Male Factor Infertility (MFI) genetic testing

Infertility is a medical problem, which affects 10-15% of couples. Male factor infertility is diagnosed in almost half of the cases. The male genetic pathology is thought to be the basis for MFI in 15-30% of cases.


Main genetic reasons of MFI are numerical and structural aberrations of sex chromosomes: 47,XXY karyotype in Klinefelter syndrome and AZF region microdeletions of Y-chromosome (mostly in AZFa-c regions).The sperm analysis results of these patients vary from complete absence of sperm cells in the ejaculate to very severe oligozoospermia


The carriers of mutations in the cystic fibrosis transmembrane regulator (CFTR) gene often experience obstructive azoospermia, because of the absence or obstruction of vas deference. All these genetic lesions along with the gene mutations responsible for spermatogenesis failure, cryptorchidism and hypogonadotropic hypogonadism can be simultaneously determined in a single MFI testing.


Indications for genetic testing for male infertility:

– Confirmation of the suspected diagnosis for MFI.
– Both obstructive and non-obstructive azoospermia and severe oligozoospermia (sperm count of <5 x 106 sperms per mL) if other reasons for MFI have been ruled out.
– Patient’s phenotype is indicative for a syndrome or condition associated with severe male infertility (for example Klinefelter syndrome).


The genetic tests for male factor infertility can analyse the most prevalent genetic causes for male infertility, such as:

– Klinefelter syndrome, caused by karyotype
– Azoospermia Factor (AZF) microdeletions, including AZFa, AZFb and AZFc regions
– Mutations in the cystic fibrosis transmembrane conductance regulator (CFTR) gene, which are related to obstructive azoospermia
– Gene mutations and variations responsible for spermatogenic failure (DDX25, DNAH5, DNAH11, DNAI1, ESR2, FSHB, NLPR14, PRDM9, PRM1, PMR2, PRM3, RBMXL2, TEKT2, USP26, UTP14c), cryptorchidism (INSL3 and RXFP2) and hypogonadotropic hypogonadism (GNRHR)

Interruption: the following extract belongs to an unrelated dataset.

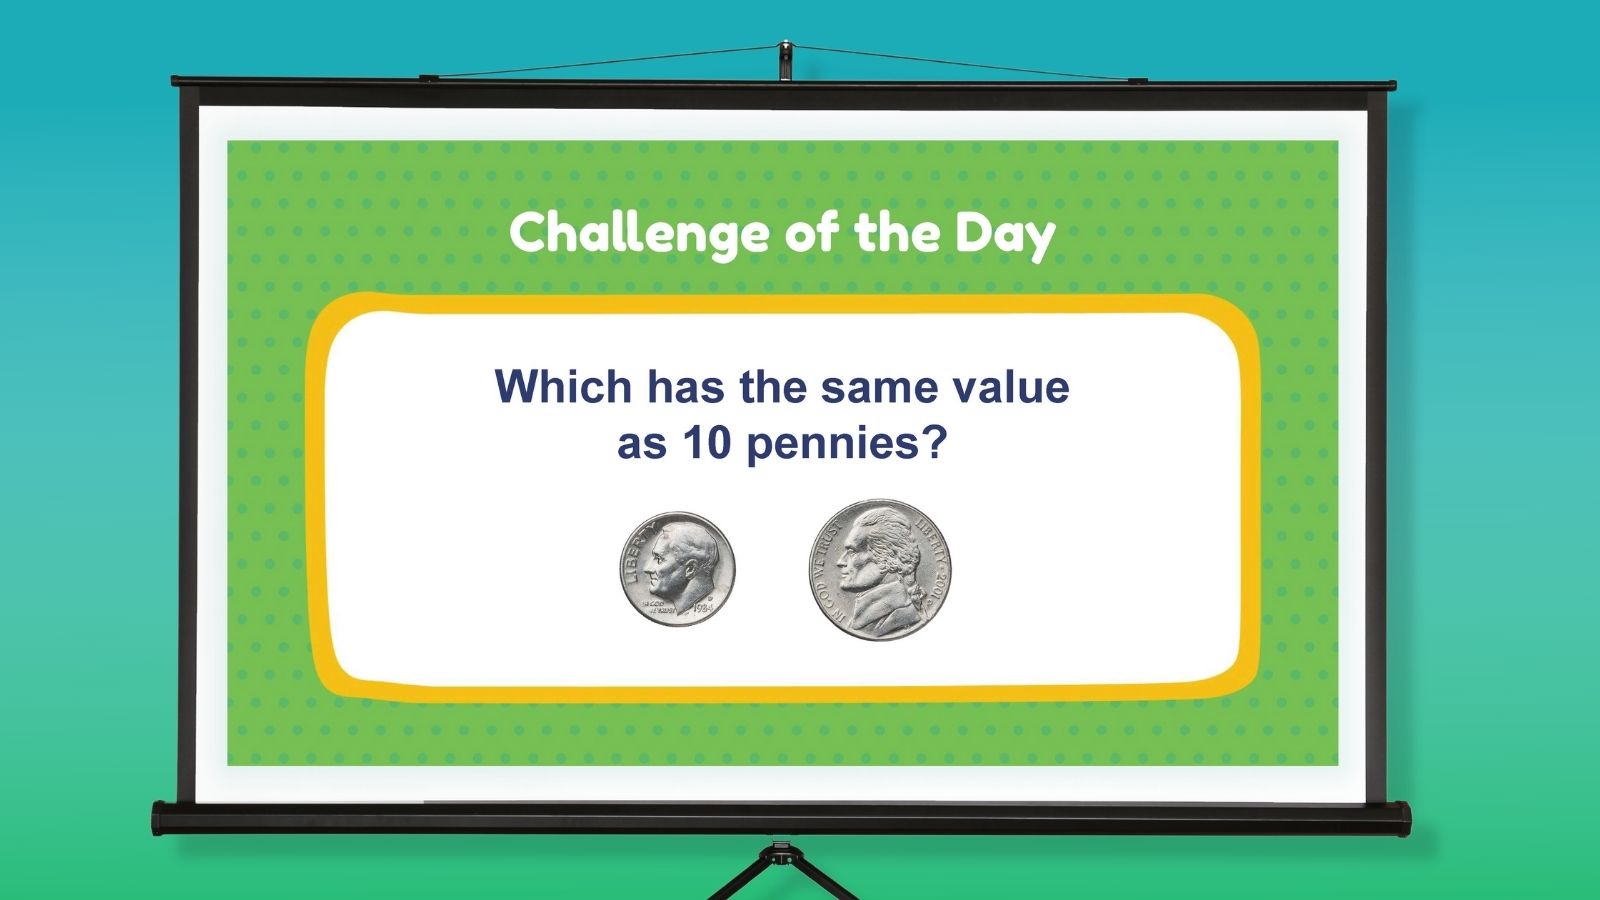 Money word problem on a projector screen: 'Which has the same value as 10 pennies?' with a dime and a nickel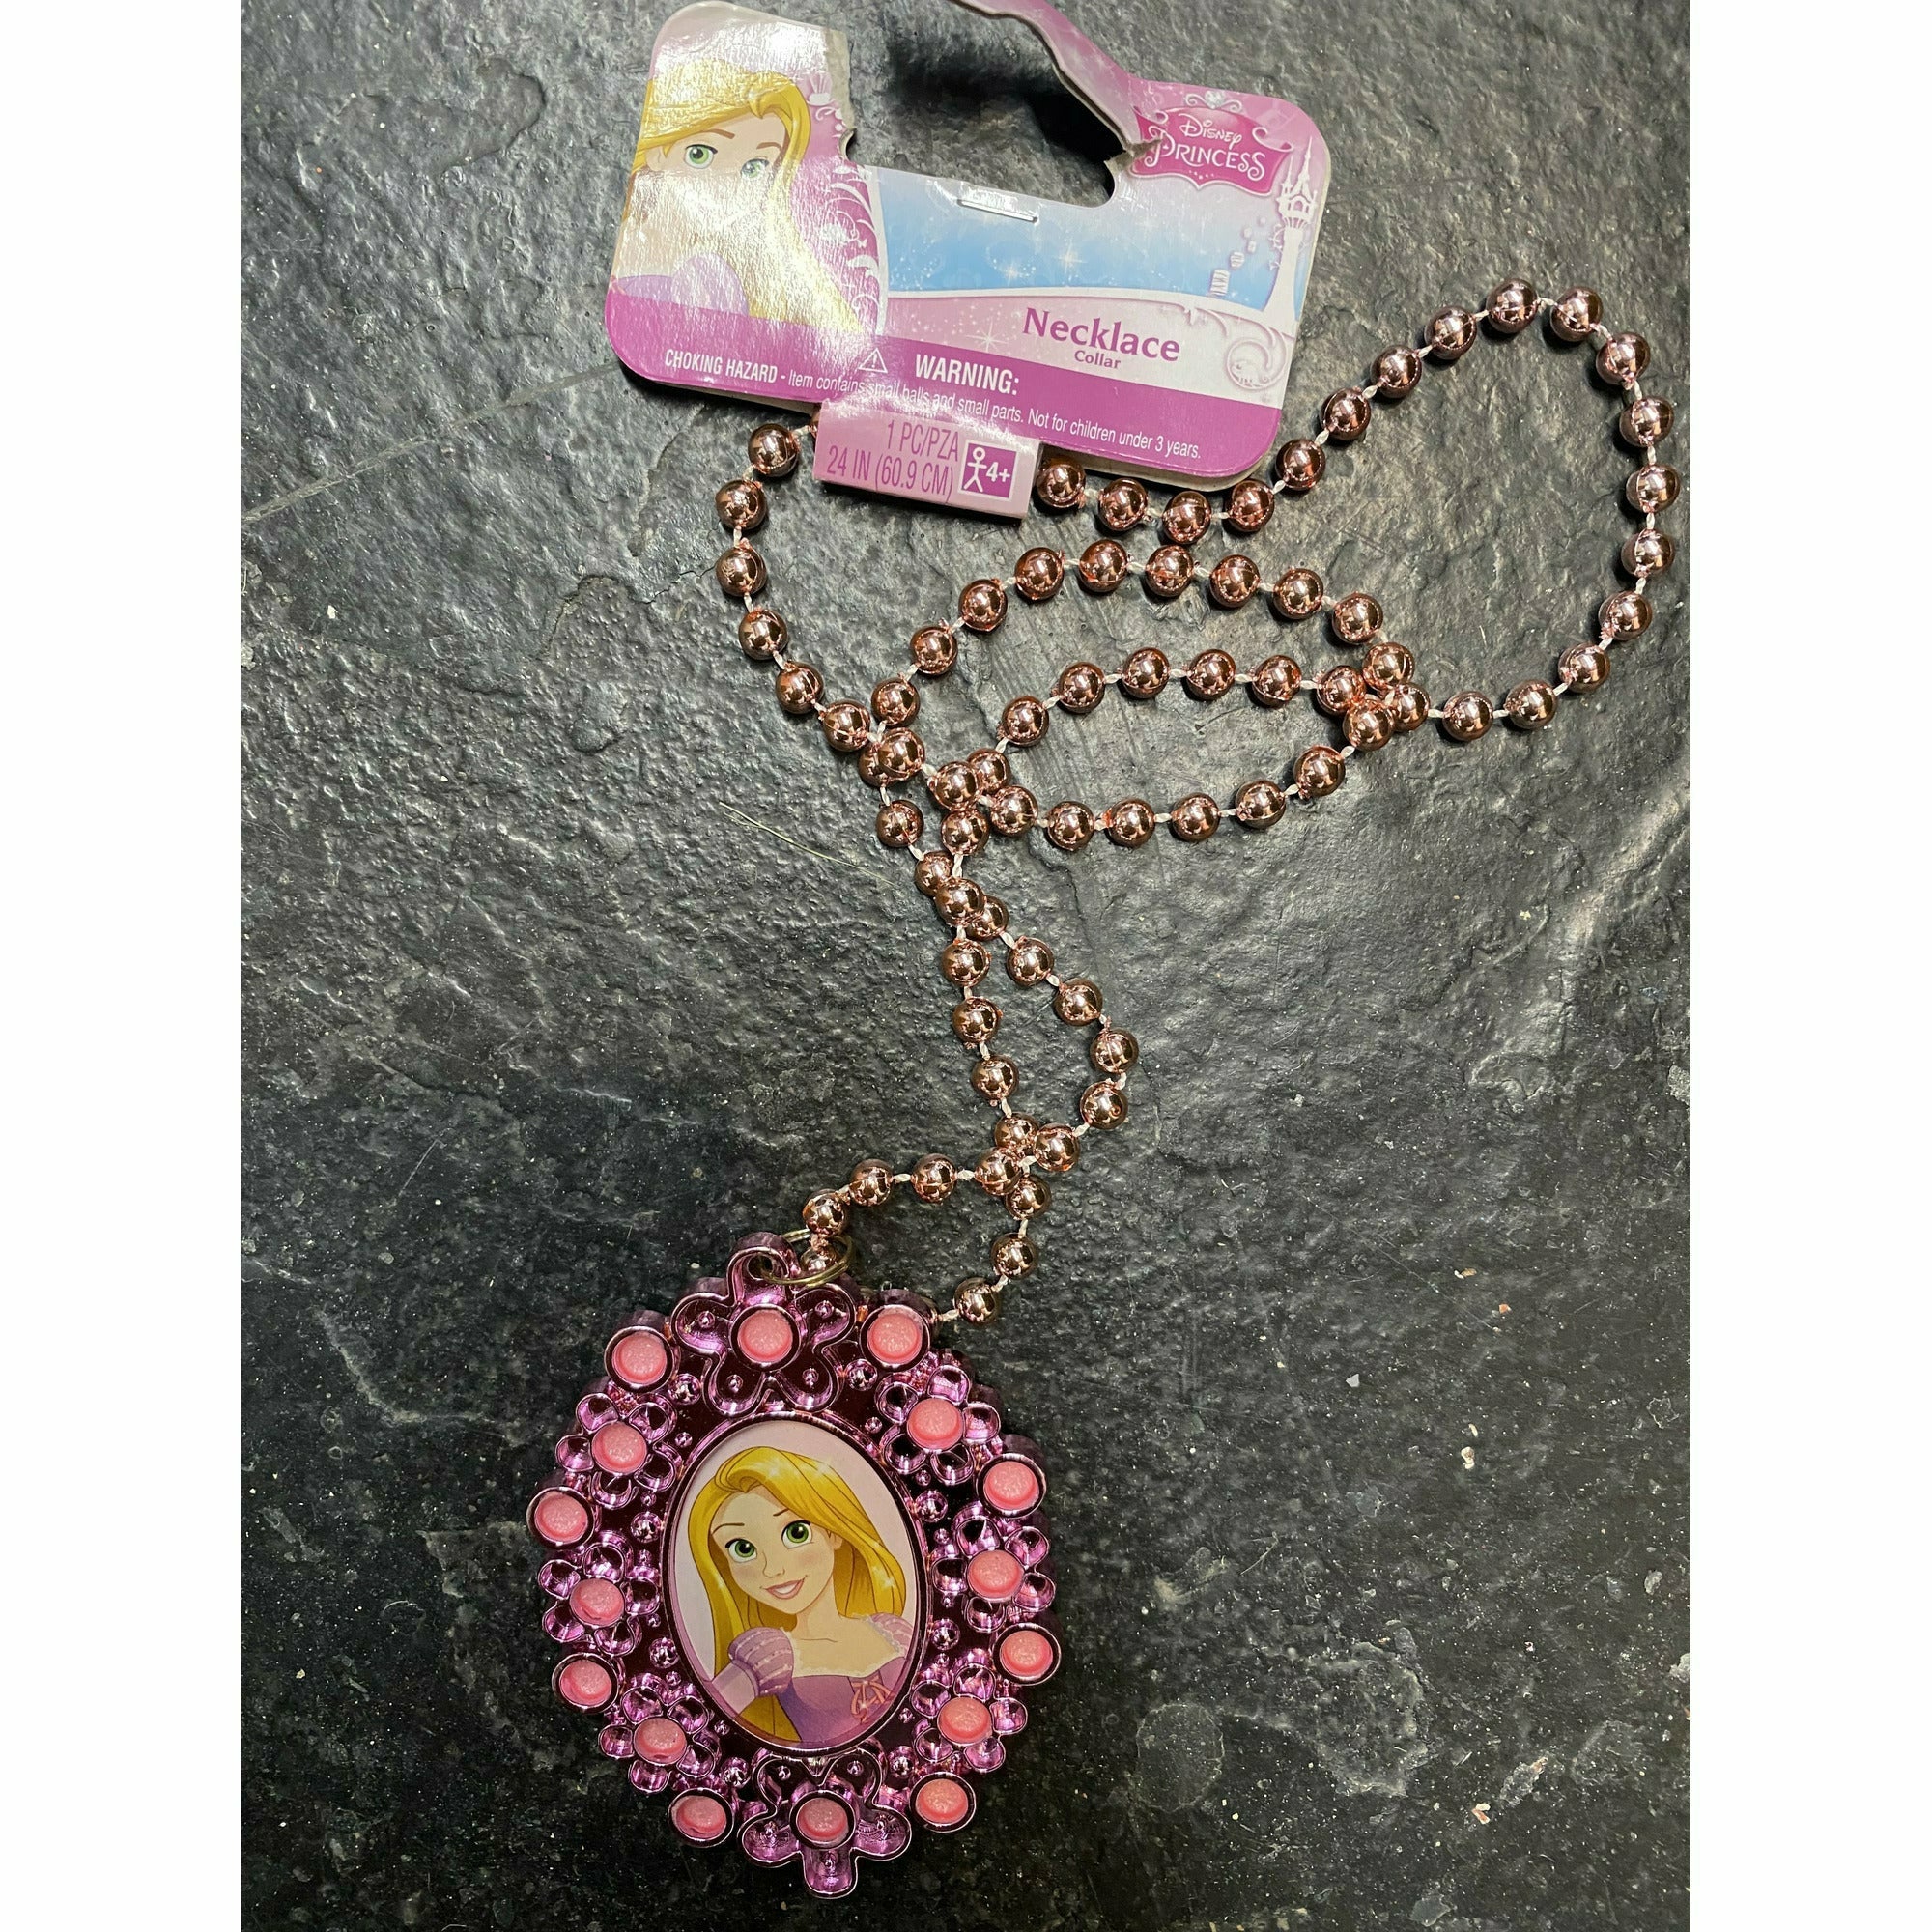 COSTUMES USA COSTUMES: ACCESSORIES Rapunzel Necklace

A clear advantage of performing the MFI genetic assay is the simultaneous testing for a number of known genetic causes of male infertility, including both chromosomal and gene mutations. This test allows confirmation and/or exclusion of the diagnosis and provides insight into the causes of infertility, which are valuable for planning the infertility treatment. We strongly recommend MFI genetic testing before a couple undergoes assisted reproduction (with IVF/ICSI or any other form of in vitro fertilization) in order to prevent the possible inheritance of the genetic lesion to the next generation, as the transmission of the genetic mutation could lead to the recurrence of the infertility problem in sons of infertile men.


The test can be ordered as a complex MFI test including all related conditions or alternatively as separate tests for detecting Klinefelter syndrome and Y-chromosome AZF microdeletions are also available.